Seu corpo foi arremessado contra a parede violentamente, e copo e garrafa se espatifaram ao seu lado. Um dos cacos de vidro voou até seu rosto e cortou levemente sua boca. A porta se fechou em um baque forte enquanto o apartamento se encheu de um odor de fezes. Sentiu o gosto metálico do sangue em sua boca. Aquele gosto associado ao cheiro das vezes a fez vomitar na hora. Tentou se levantar, mas foi jogada novamente ao chão. Sentiu um peso pressionando todo seu corpo, como se suas costelas fossem se quebrar. Soltou um gemido abafado e de repente o peso desapareceu. Ela estava apavorada. Tentou se levantar novamente e correr até a porta. Mas foi jogada novamente contra a parede entre a sala e seu quarto. Sentiu seu ombro se deslocando. Meio zonza, entrou no quarto e trancou a porta. Sentia muita dor no corpo. A adrenalina não possibilitava que ela percebesse suas feridas corretamente. Só queria sair dali. Sentiu uma pancada forte na porta. Depois outra mais forte ainda. Não conseguia parar de tremer. Sentiu como se algo corresse, com passadas pesadas se aproximando da porta e de repente um grande estrondo contra a porta. A porta começou a ceder, e um pedaço havia se quebrado. Sentiu os passos novamente e começou a rezar um Pai Nosso. O estrondo foi tão forte como o anterior, mas a porta permaneceu firme. O cheiro de fezes se misturou com um cheiro forte de éter. Ela vomitou novamente. Depois continuou rezando, agora uma Ave Maria. O cheiro de éter foi ficando mais forte. Lá fora agora fazia silencio.
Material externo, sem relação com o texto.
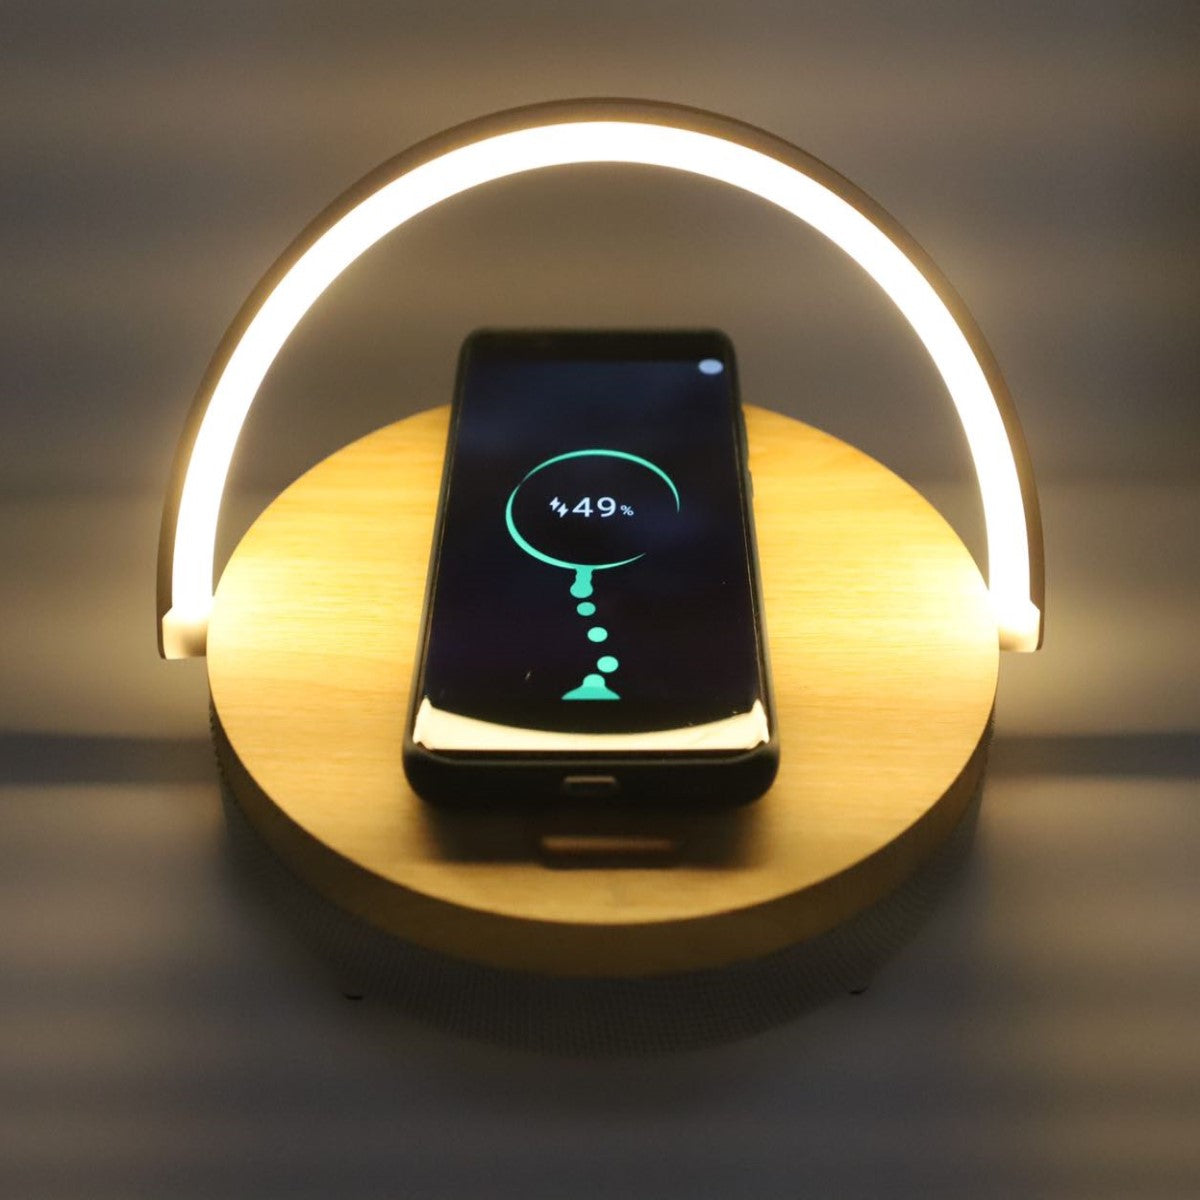 3-in-1 Portable LED Lamp with Bluetooth Speaker & Wireless Charger- Grey
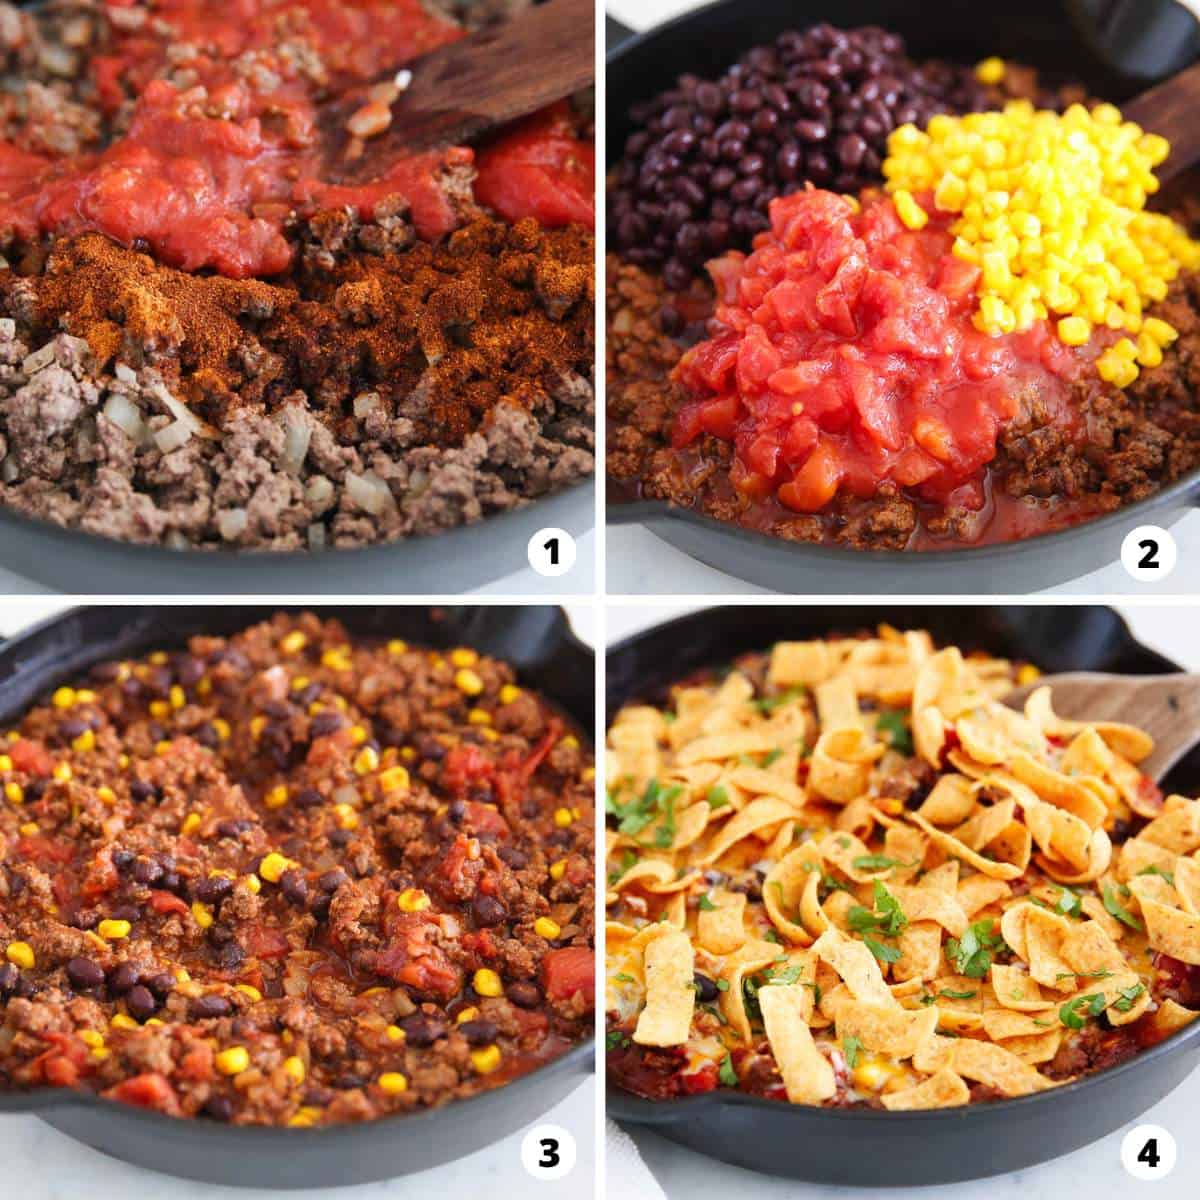 Showing how to make frito pie in a 4 step collage.

De repente as passadas crescentes novamente. Mas ao invés do baque na porta um grito forte de dor, um grito descomunal. Joana não podia mais se controlar. Não conseguia mais rezar em função do choro, e da vontade de vomitar por causa do odor de éter que tomava conta do ambiente. Sentia muita dor agora. Havia deslocado o ombro e quebrado três costelas. Seu lábio estava inchado, havia vários hematomas nas costas e nos braços. Sua cabeça doía muito. Tinha batido a cabeça com força na parede nas três vezes que fora arremessada. Foi ficando zonza e desmaiou.

* * *

Ao primeiro toque da campainha seu sono teve somente um leve abalo, mas foi o segundo toque que veio logo em seguida que a retirou de vez do seu estado inconsciente. Levantou-se com um pulo. Olhou ao redor o seu quarto. Havia adormecido deitada toda torta na cama, com uma das pernas para baixo. Seu corpo doía como se tivesse levado um surra. Levantou-se sentido dor de cabeça. Lembrava-se vagamente do sonho. O principal que guardara era de que tinha sido muito ruim. Sentia uma dor forte nas costelas. Deitara-se com parte do corpo para fora da cama e ficara apoiada em cima dela. Não devia ter dormido muito tempo, pois ainda havia a luz do sol, e ela havia chegado em casa às 16 horas. A campainha tocou novamente. Levantou-se e saiu do quarto. Olhou para a sala onde tudo estava em seu lugar. Procurou terminar de acordar antes de abrir a porta. Ao abrir, não encontrou ninguém. – Puta que pariu – pensou. Mas apesar de ficar com raiva de ter tido seu sono interrompido, também se sentia um pouco aliviada por ter terminado aquele sonho horrível, embora ela a cada segundo se esquecesse mais do que havia sonhado, e de ter se levantado daquela posição. Como estava muito cansada poderia ter ficado daquela forma por algumas horas, até ficar seriamente machucada.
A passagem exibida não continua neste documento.